_Work instruction_. Give back exactly the lines from the one that holds "consolas y videojuegos" through the final line of the data; omit the pictures and add nothing.

_Data extract_.
========================================================================

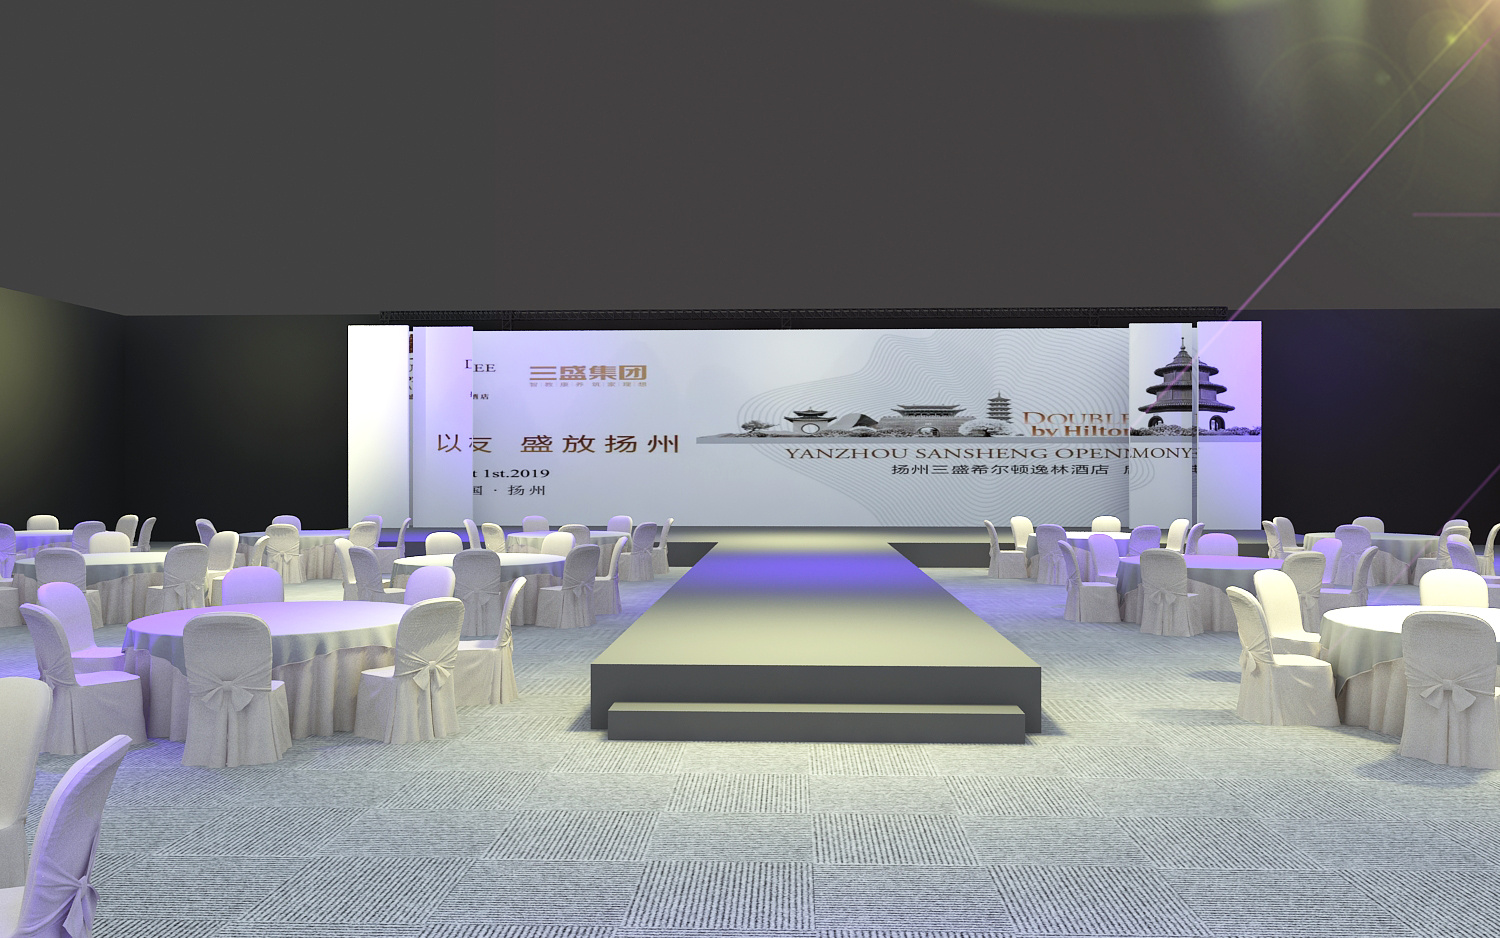 融创文旅发布会展示展览会场布置设计3d效果图
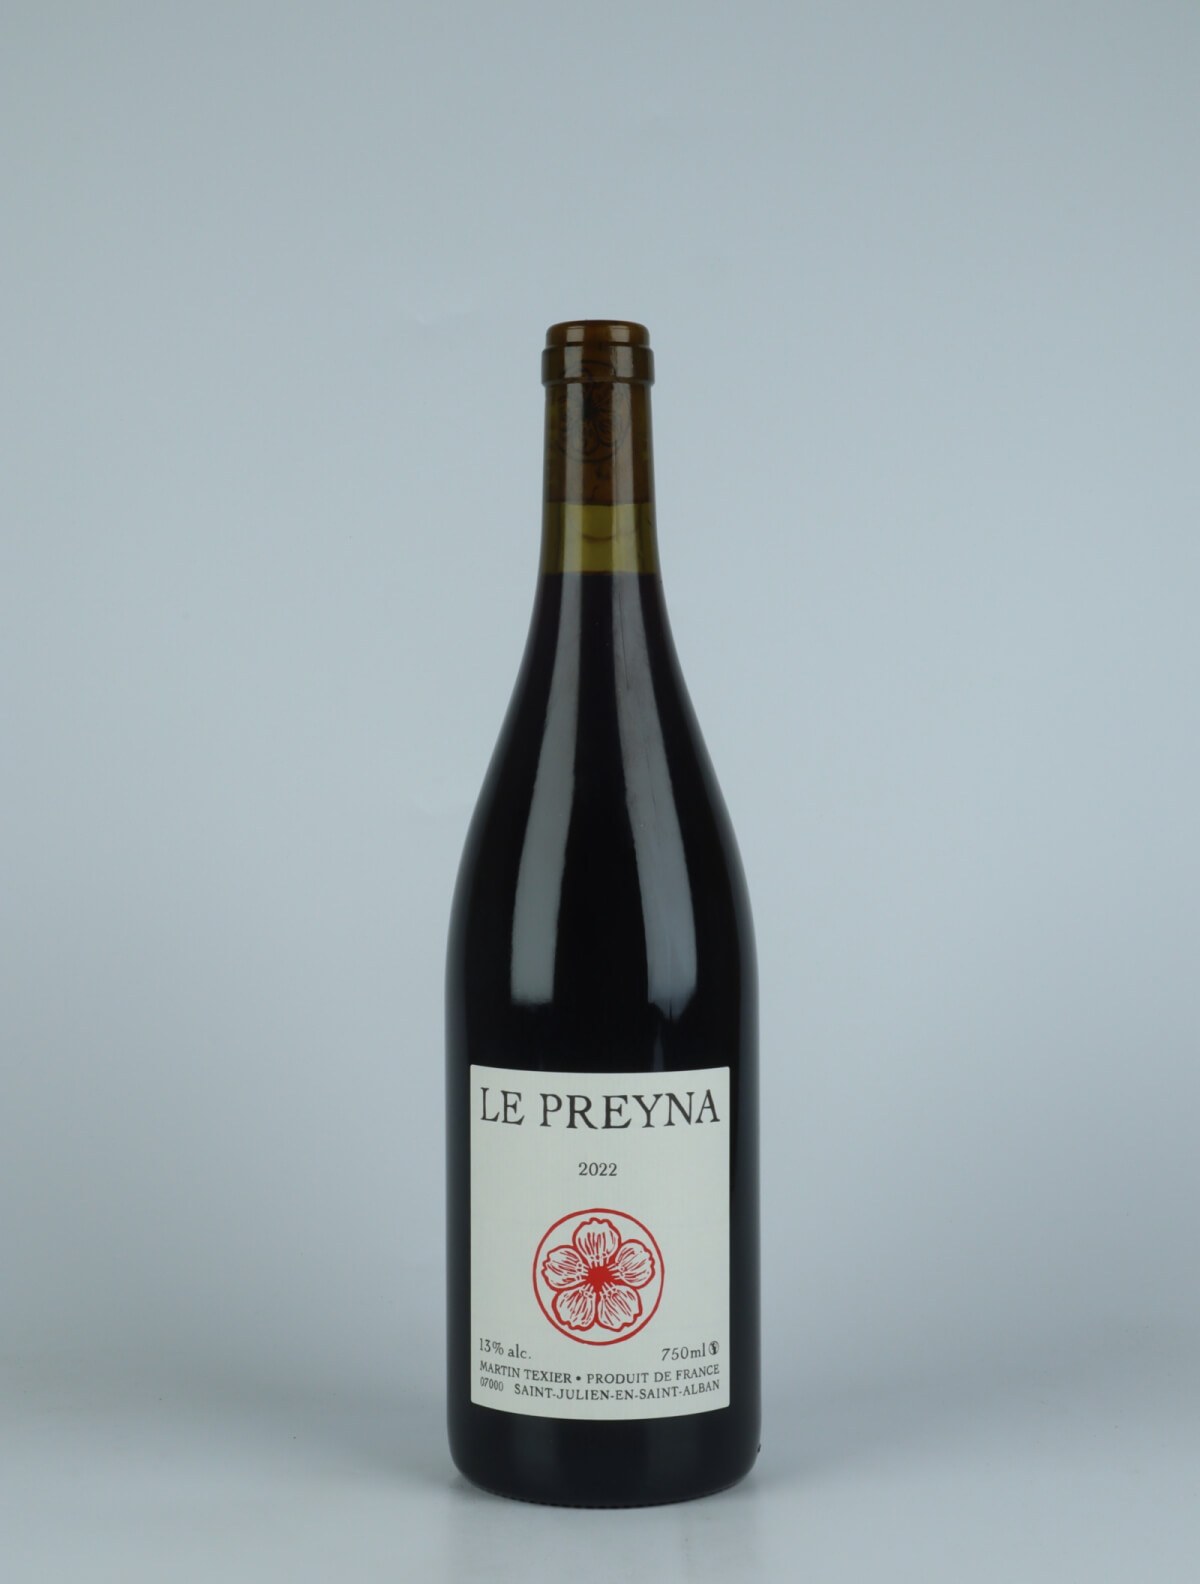 En flaske 2022 Le Preyna Rødvin fra Martin Texier, Rhône i Frankrig
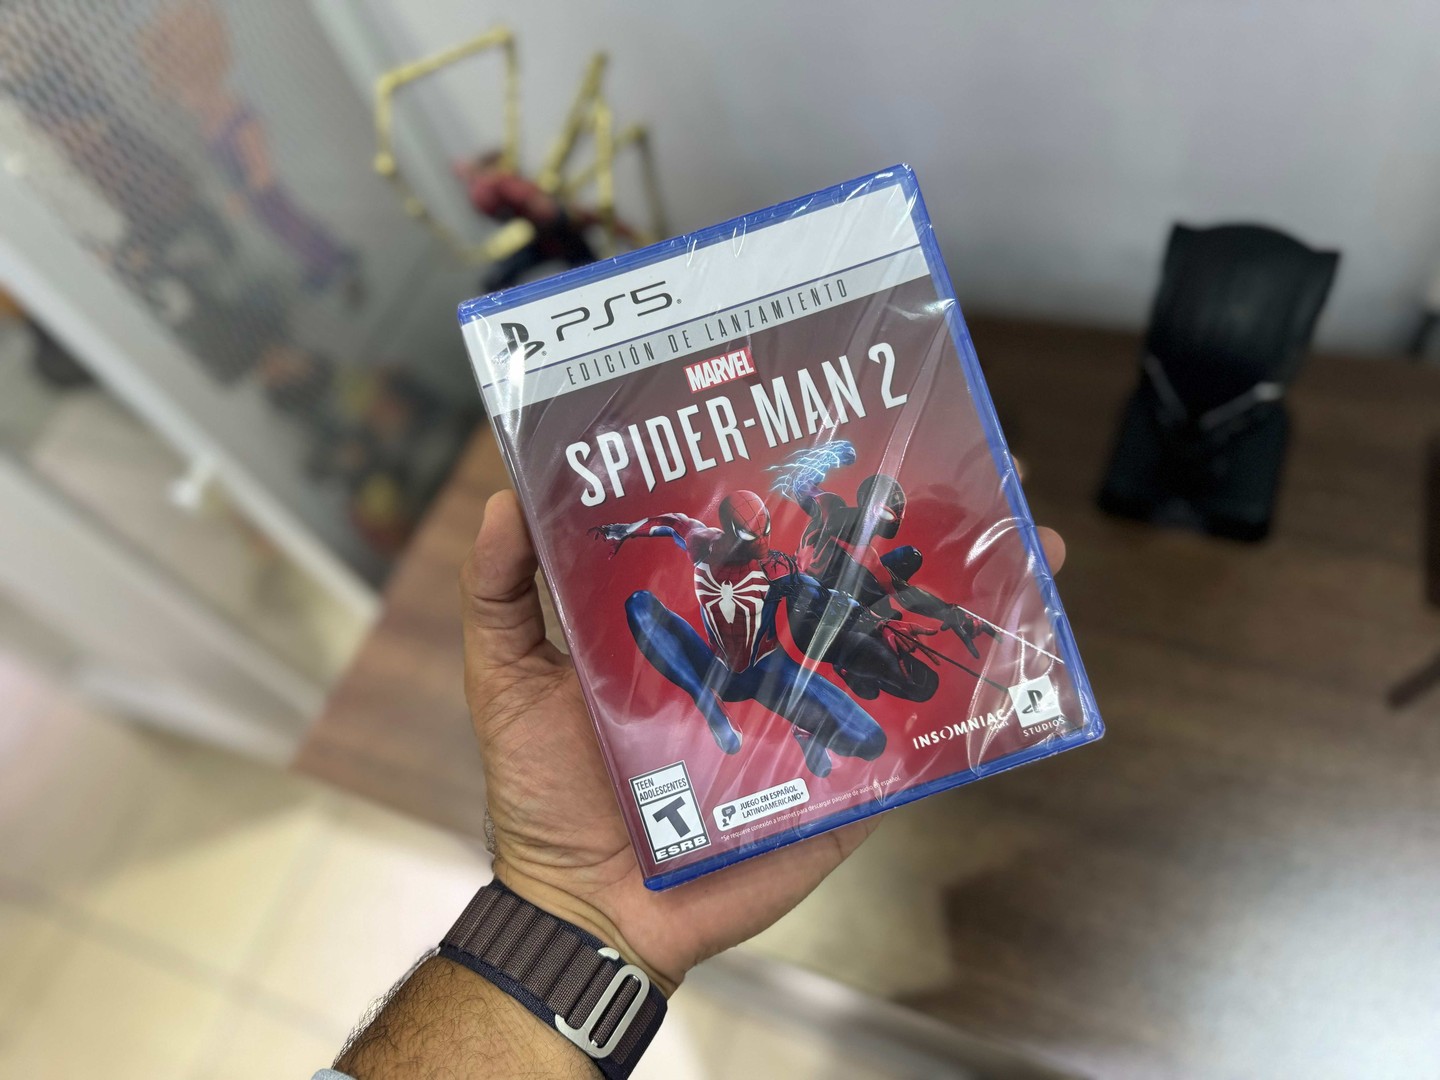 consolas y videojuegos - Video Juego Spider-Man 2 PLAYSTATION 5 Sellados, RD$ 4,500 NEG
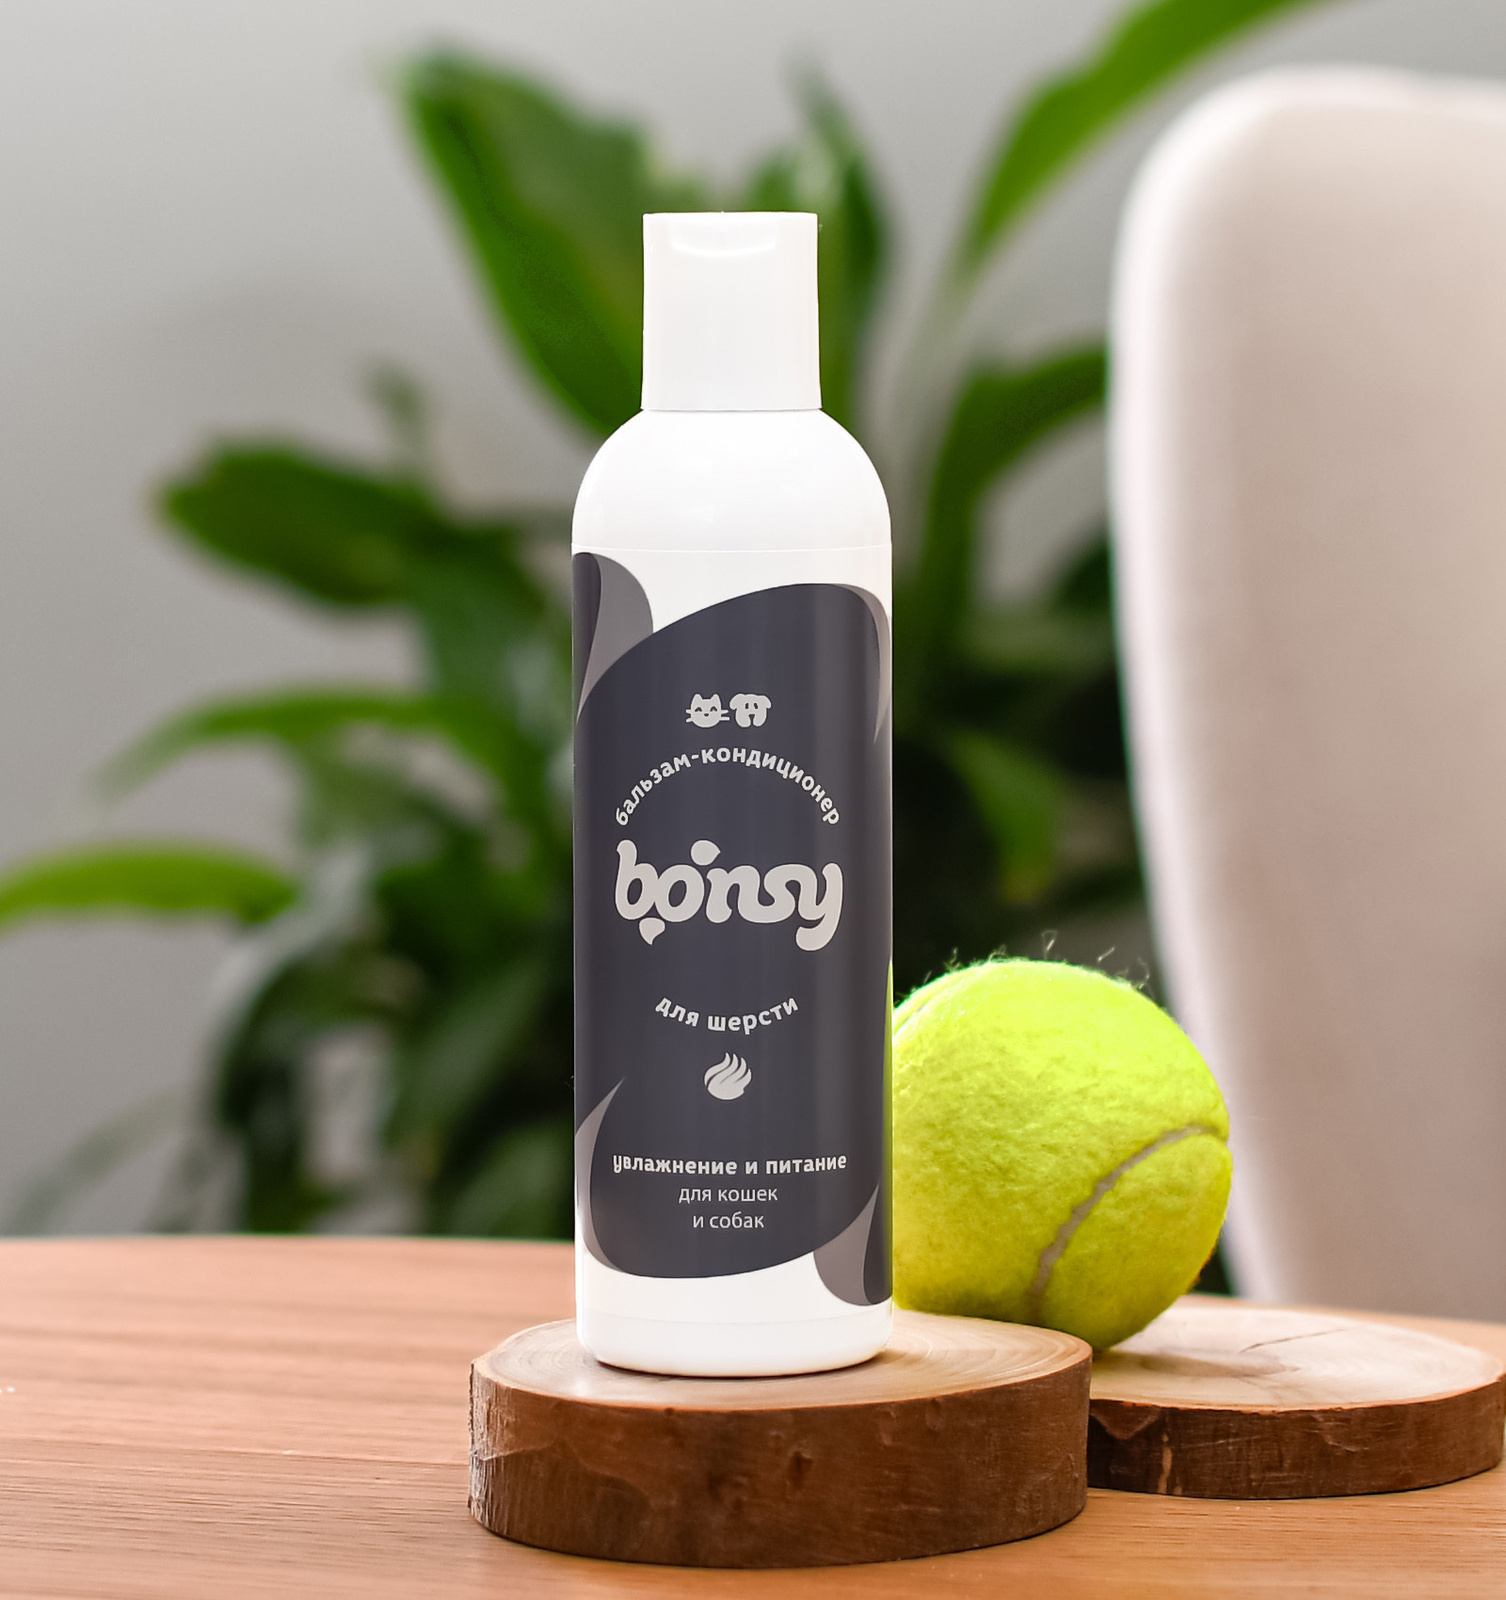 Bonsy Bonsy бальзам-кондиционер увлажнение и питание для кошек и собак (250 мл) bonsy bonsy шампунь с хлоргексидином для профилактики кожных заболеваний у собак и кошек 250 г

========================================================================

_Solution to this task_.
 consolas y videojuegos - Video Juego Spider-Man 2 PLAYSTATION 5 Sellados, RD$ 4,500 NEG
 Bonsy Bonsy бальзам-кондиционер увлажнение и питание для кошек и собак (250 мл) bonsy bonsy шампунь с хлоргексидином для профилактики кожных заболеваний у собак и кошек 250 г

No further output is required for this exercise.